Assignment 5: Density Estimation Using Parzen Windows
Discussion: May 20th
Deadline: May 19th, 23:59
Sometimes you might be wondering how to evaluate a generative model. Evaluating
whatever loss function you trained with might be a start, but it is often not
very informative. Also, this precludes comparison between different frameworks
(e.g. RBMs vs VAEs). Looking at samples is cumbersome and highly subjective.
An objective measure of the “goodness of fit” of the model would be nice. One
attempt at such a measure uses kernel density estimation, in particular the
method of Parzen Windows. Work through
this interactive article
for a good explanation.
Then implement Parzen windows and use the method to evaluate your models as follows:
- The quantity we want to estimate is the likelihood of the test set given the
model. The higher this is, the better we assume our model to be.
- Take an arbitrary number of samples from your model (a common number is 10,000,
actually recommended is much more; start with less for debugging).
- Choose some kernel. A Gaussian kernel is the standard choice. You can start
with a uniform one (a “hypercube”), but you are likely to get rather useless
results, in particular using MNIST. Why do you think this is?
- For each element of the test set (of whichever dataset you are using), compute
the Parzen estimate of the probability, using the aforementioned samples to
provide the kernels. To do this, compute the value of the kernel function (appropriately
normalized) between the test set element and each sample, then average those.
- Since the data is very high-dimensional, you will likely
run into numerical issues already when trying to compute a single probability.

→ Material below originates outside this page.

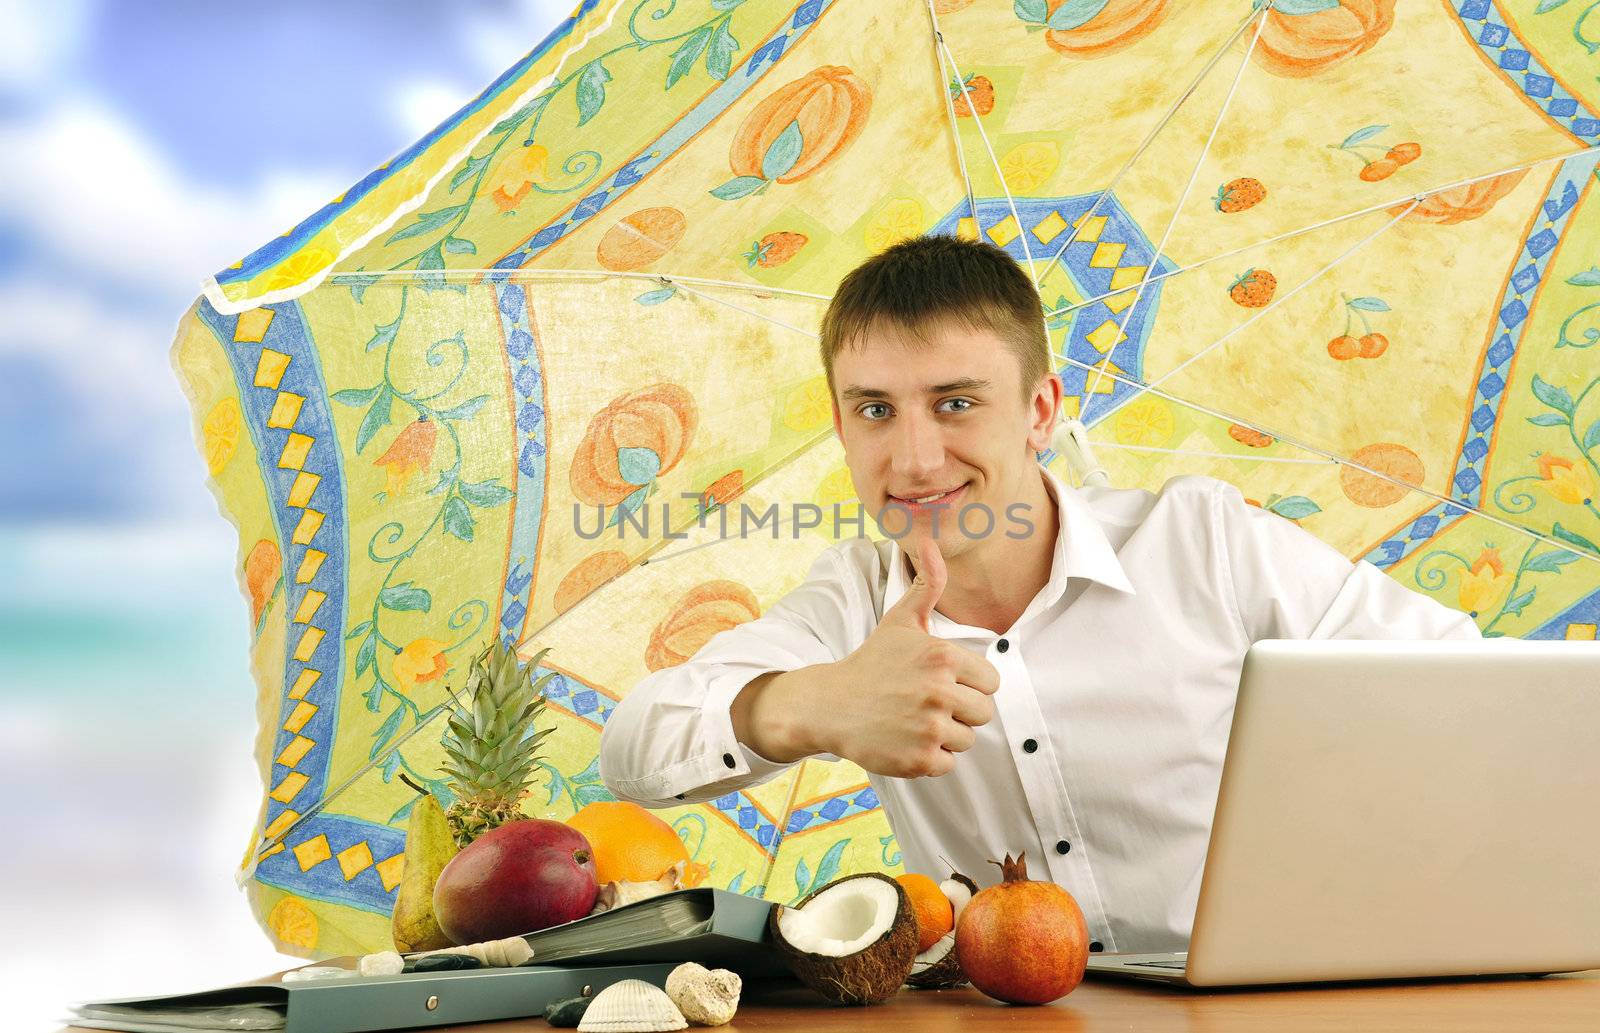 young business man on vacation showing thumbs up

In this case, use log probabilities instead (keep in mind
tf.reduce_logsumexp
or the logprob methods of tfp.distributions classes).

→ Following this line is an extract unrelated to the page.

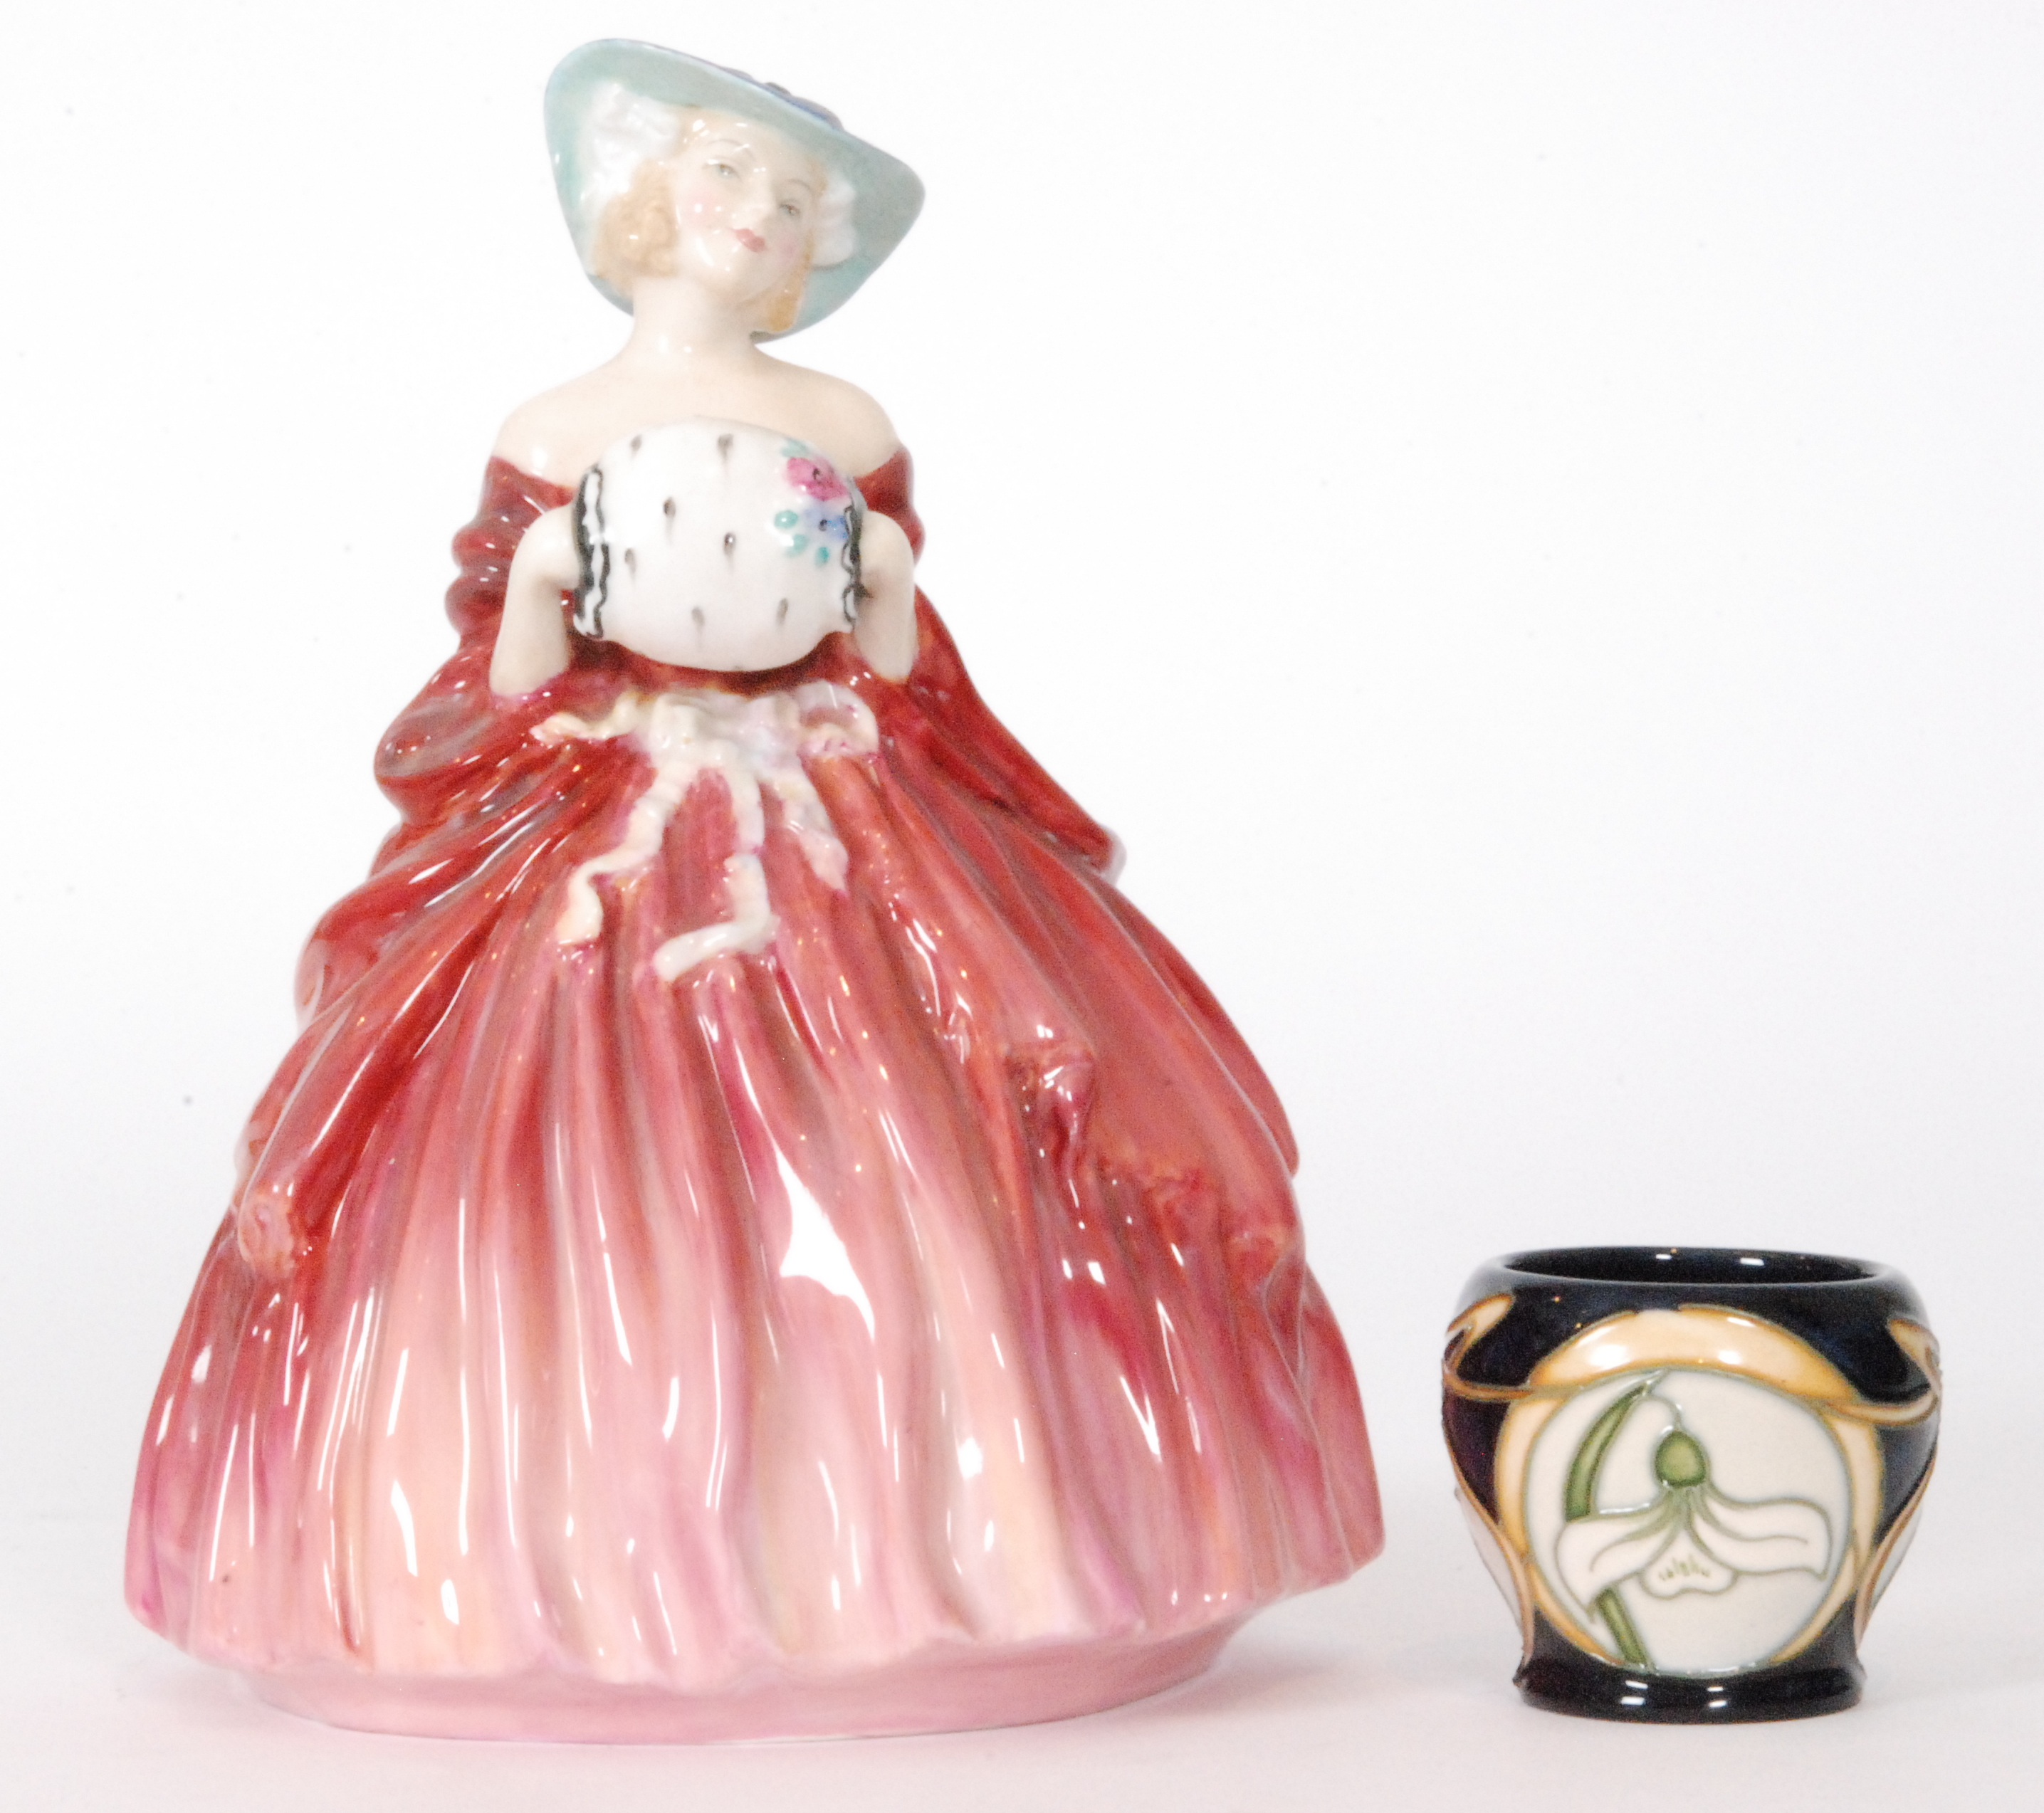 A Royal Doulton figurine Genevieve HN1962 and a Moorcroft Pottery eggcup decorated in the Parisian

- Iterating over samples and computing each kernel function one after the other
is very slow. Think about how you can optimize this process. In principle,
you can compute the kernel between a test sample and all model samples at the
same time, or even the kernel between all test samples and all model samples,
through appropriate tensor operations. In practice, this will take too much
memory, however (generally there is a time-space tradeoff),
so you will need to find some middle ground.
- The test set likelihood would be the product of all individual probabilities
of the test set elements.
Since this will definitely cause numerical issues, it is customary to compute
the log-likelihood instead by summing over all the log probabilities.

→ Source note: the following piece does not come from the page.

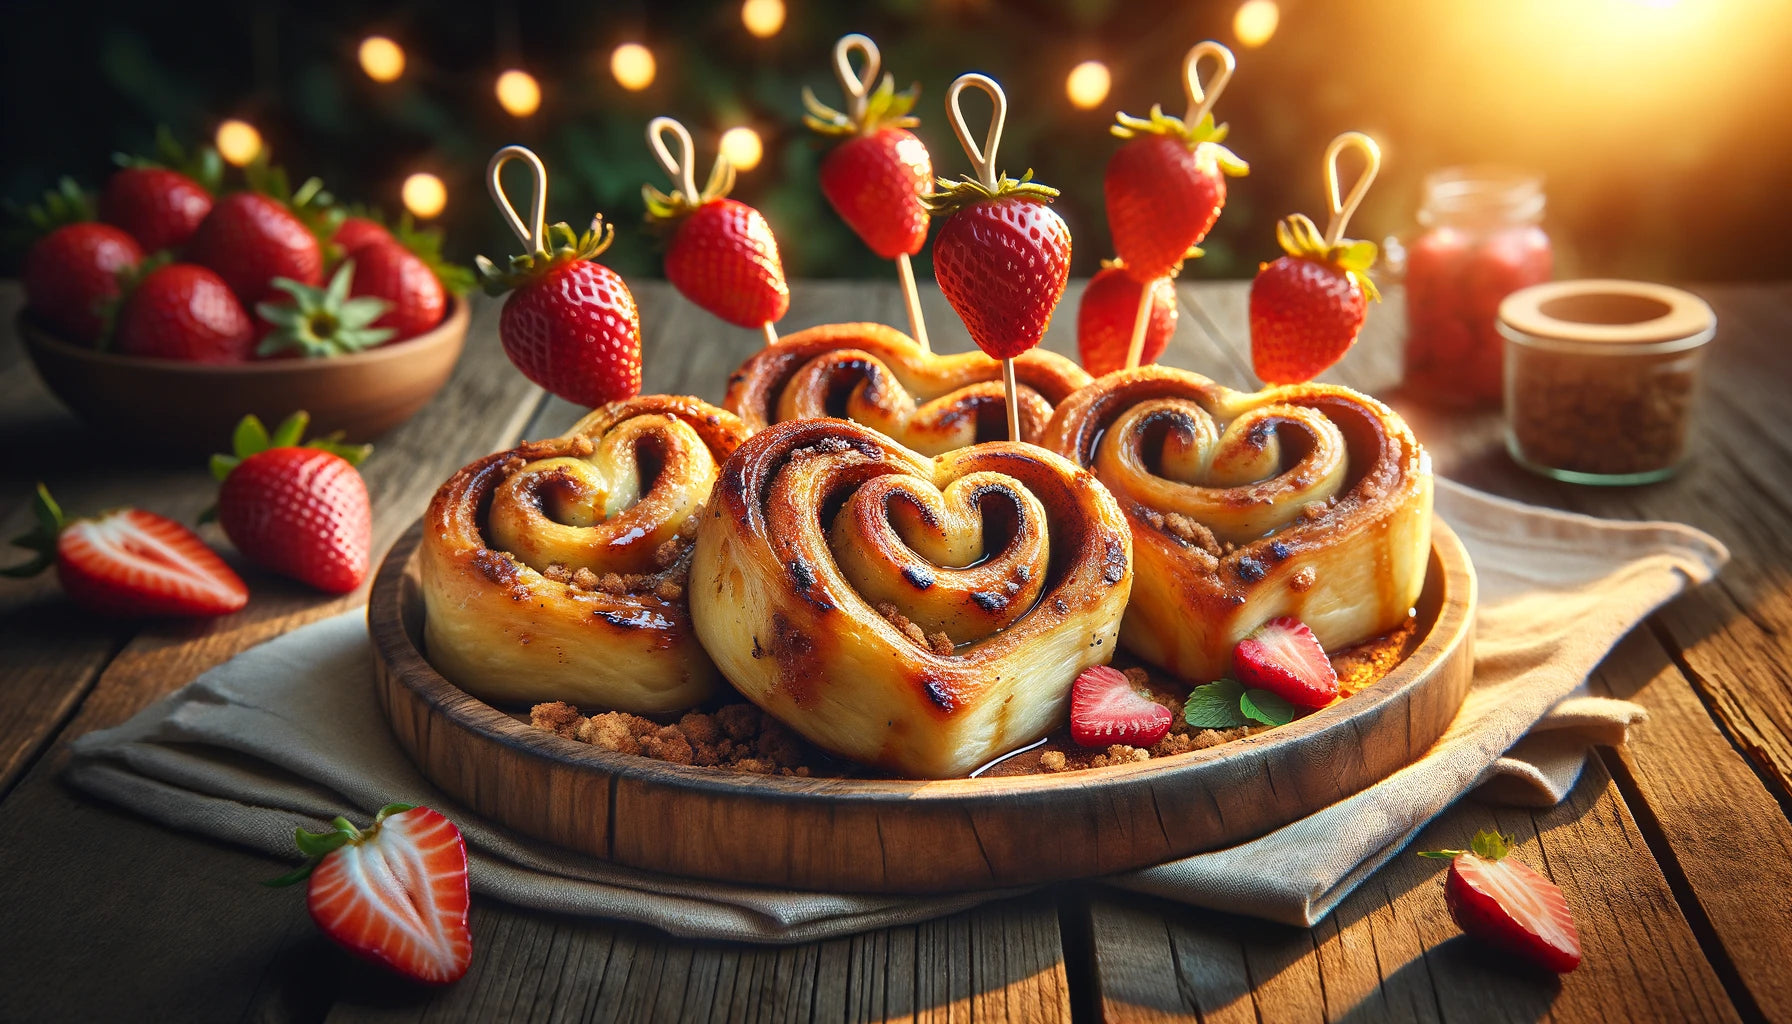 Grilled Cinnamon Roll Hearts with Strawberry Skewers & Pork Panko

- You will need to choose some width parameter for the kernel (e.g. variance
for the Gaussian kernel). This is usually chosen such that the log-likelihood is
maximized. If you want to do this properly, you should put aside a separate
validation set and choose the variance to maximize the likelihood on here, then
report the value on the test set with this variance. If you’re short on time,
just try to maximize it on the test set directly, but don’t tell anyone you did
this.
- Evaluate at least two different models and compare results. These could be
two VAEs, or an RBM and a VAE, or any other generative model. You could also
construct one of the models to perform badly on purpose and see whether the
Parzen estimate agrees.
- Have a look at this paper and
immediately forget all of this. In case you are short on time, some takeaways are:
- Likelihood and sample quality are more or less independent,
- Parzen windows are very bad at estimating likelihoods,
- In general, the evaluation method needs to be chosen appropriately depending
on how the model will be used.